FIG. 1 is a flow chart of the method of the present invention;
fig. 2 is a functional block diagram of the present invention.
Detailed Description
The following description of the embodiments of the present invention will be made clearly and completely with reference to the accompanying drawings, in which it is apparent that the embodiments described are only some embodiments of the present invention, but not all embodiments.
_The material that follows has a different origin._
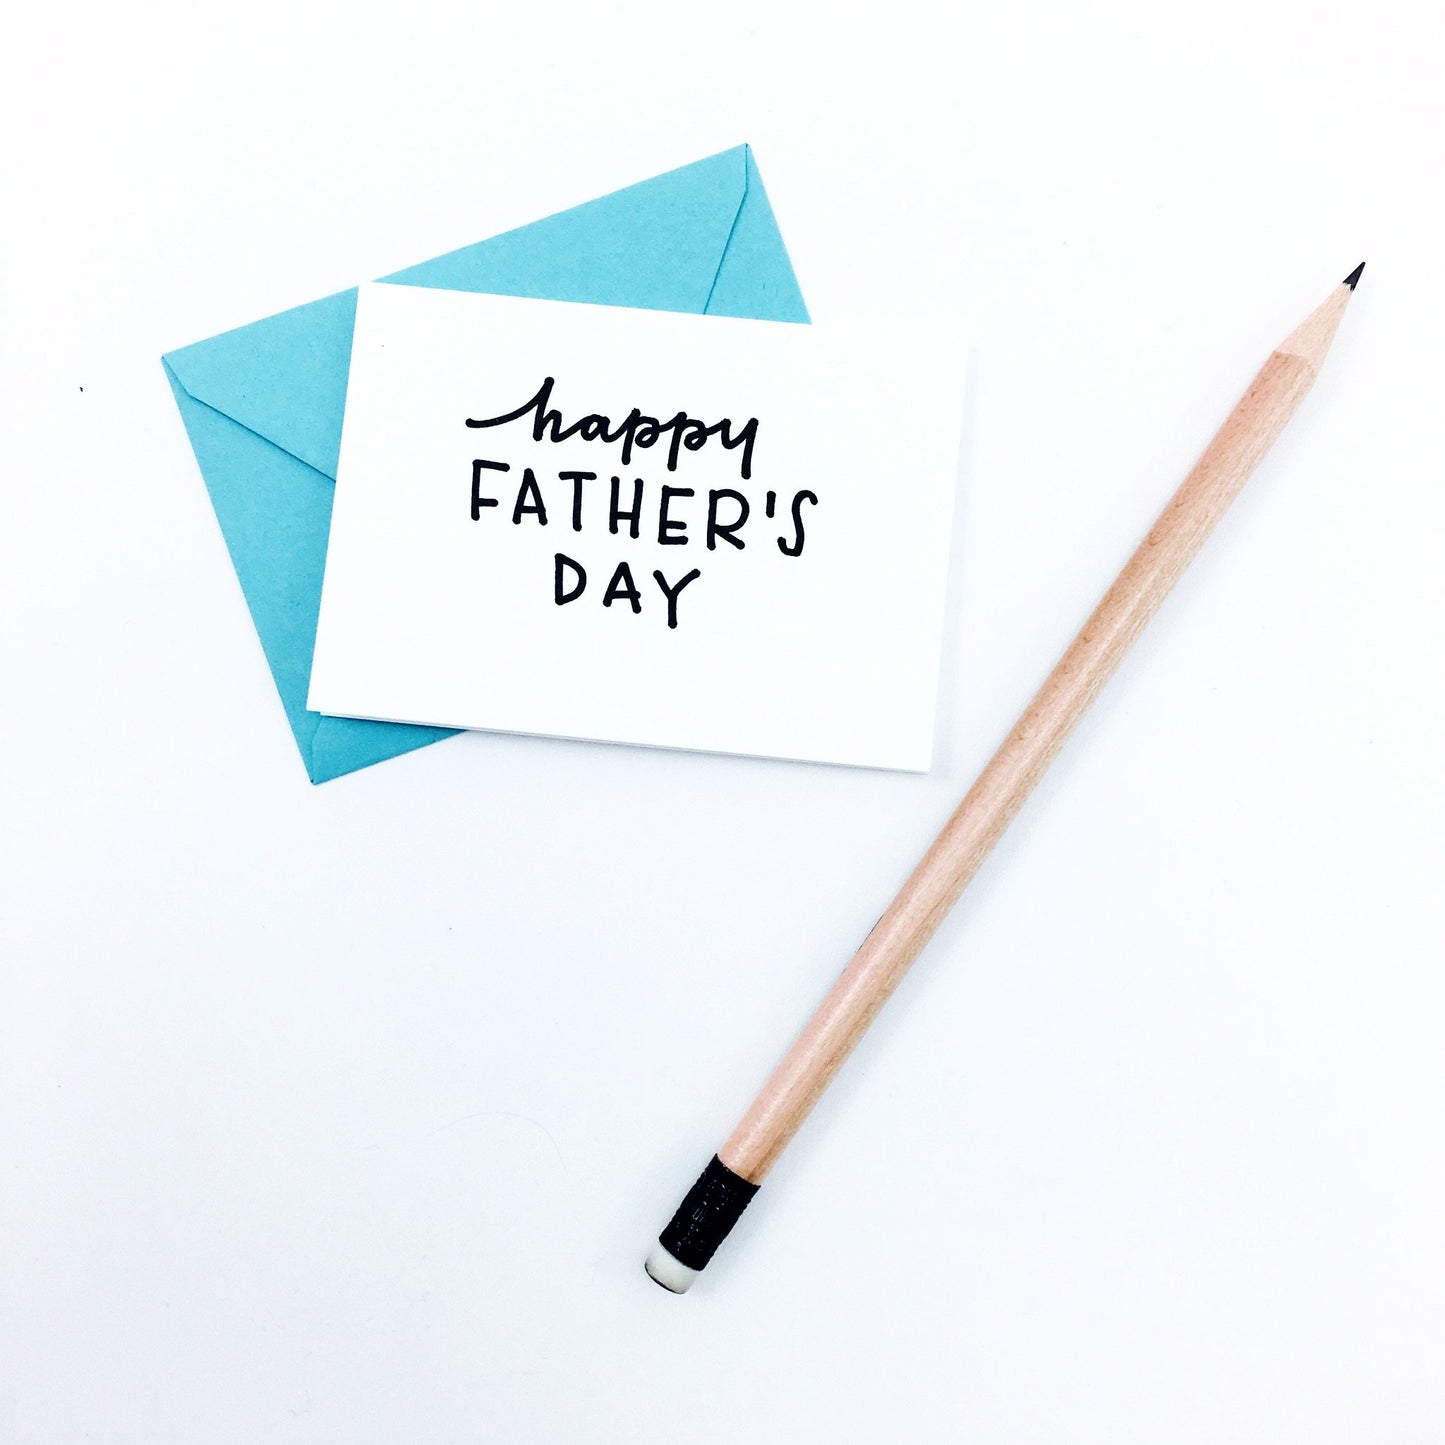 "Happy Father's Day" Mini Hand-Drawn Greeting Card - by K. A. Artist Shop - K. A. Artist Shop

All other embodiments, which can be made by those skilled in the art based on the embodiments of the invention without making any inventive effort, are intended to be within the scope of the invention.
Example 1
The embodiment provides an intelligent power transmission work ticket retrieval method based on a knowledge graph, as shown in fig. 1, which specifically comprises the following steps:
101. establishing an entity and attribute relationship thereof by constructing a knowledge graph covering relevant information of the power transmission work ticket;
102. entity identification and extraction are carried out on the transmission work ticket text, and the transmission work ticket text corresponds to the entity in the knowledge graph;
103. analyzing the query statement input by the user, and identifying keywords, entities and attributes thereof;
104. using the relation and attribute information between the entities in the knowledge graph to find the relevant knowledge points of the power transmission working ticket matched with the query condition;
105. generating a power transmission work ticket list meeting the requirements according to the query result, and sequencing the result according to a sequencing strategy;
106. and presenting the basic information of the work ticket to the user according to the ordered query result in a list format.
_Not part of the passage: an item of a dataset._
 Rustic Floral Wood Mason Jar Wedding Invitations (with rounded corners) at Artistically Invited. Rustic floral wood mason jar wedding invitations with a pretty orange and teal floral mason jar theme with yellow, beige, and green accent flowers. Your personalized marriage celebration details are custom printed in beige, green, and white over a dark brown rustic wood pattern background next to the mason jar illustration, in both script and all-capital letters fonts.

The method comprises the following specific steps:
101. establishing an entity and attribute relationship thereof by constructing a knowledge graph covering relevant information of the power transmission work ticket;
further, the related information of the power transmission working ticket is obtained from a data source by utilizing a programming technology, the power transmission working ticket data is converted into an RDF model, the power transmission working ticket data is analyzed, the power transmission working ticket data is traversed to establish entity, relation and attribute triplets, and a knowledge graph covering the related information of the power transmission working ticket is constructed, and the method specifically comprises the following steps:
s1, converting power transmission work ticket data into an RDF model, analyzing the power transmission work ticket data, determining entities needing to be converted, including equipment, work tasks, personnel, work tickets, auditors, substations and power transmission line entities, and assigning unique URI identifiers to each entity and attribute, wherein the corresponding related attributes comprise work ticket numbers, work contents and executive names;
s2, building a triplet by traversing the power transmission work ticket data, and converting each entity and attribute into a triplet composed of a subject, a predicate and an object in the RDF model, wherein the subject is a URI of a corresponding entity, the predicate is a URI of a corresponding attribute, and the object is a URI of an associated entity;
s3, constructing a power knowledge graph according to the information of the entity, the relation and the attribute, organizing the power knowledge graph in the form of nodes and edges to form a directed graph structure, and quickly retrieving the related nodes and edges according to conditions by establishing indexes in the entity and the relation in the knowledge graph, wherein the specific steps are as follows:
step 1, entity index: selecting a plurality of attributes as index keys, and mapping the values of the attributes with the entity nodes to quickly locate related entity nodes;
step 2, relation index: and selecting a plurality of attributes as index keys, and mapping the values of the attributes and the relationship edges to quickly locate the related relationship edges.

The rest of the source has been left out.